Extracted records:
----------------------------------------

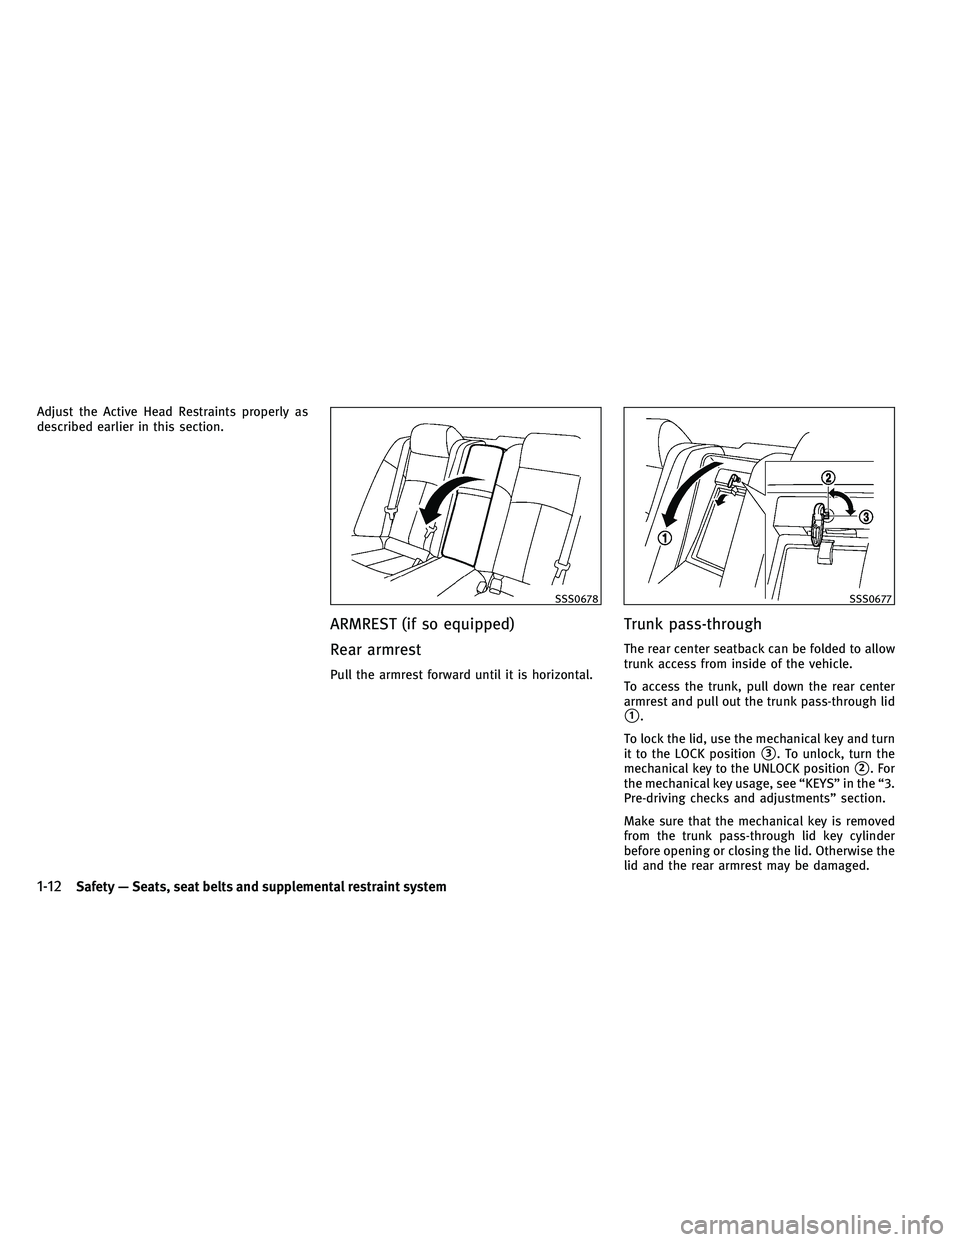 INFINITI G 2011  Owners Manual Adjust the Active Head Restraints properly as
described earlier in this section.
ARMREST (if so equipped)
Rear armrest
Pull the armrest forward until it is horizontal.
Trunk pass-through
The rear cent

----------------------------------------

## WHAT YOU HAVE TO DO
In the copy, omit the pictures and reproduce every entry exactly.

## RESULT FOR THIS TASK
 INFINITI G 2011  Owners Manual Adjust the Active Head Restraints properly as
described earlier in this section.
ARMREST (if so equipped)
Rear armrest
Pull the armrest forward until it is horizontal.
Trunk pass-through
The rear cent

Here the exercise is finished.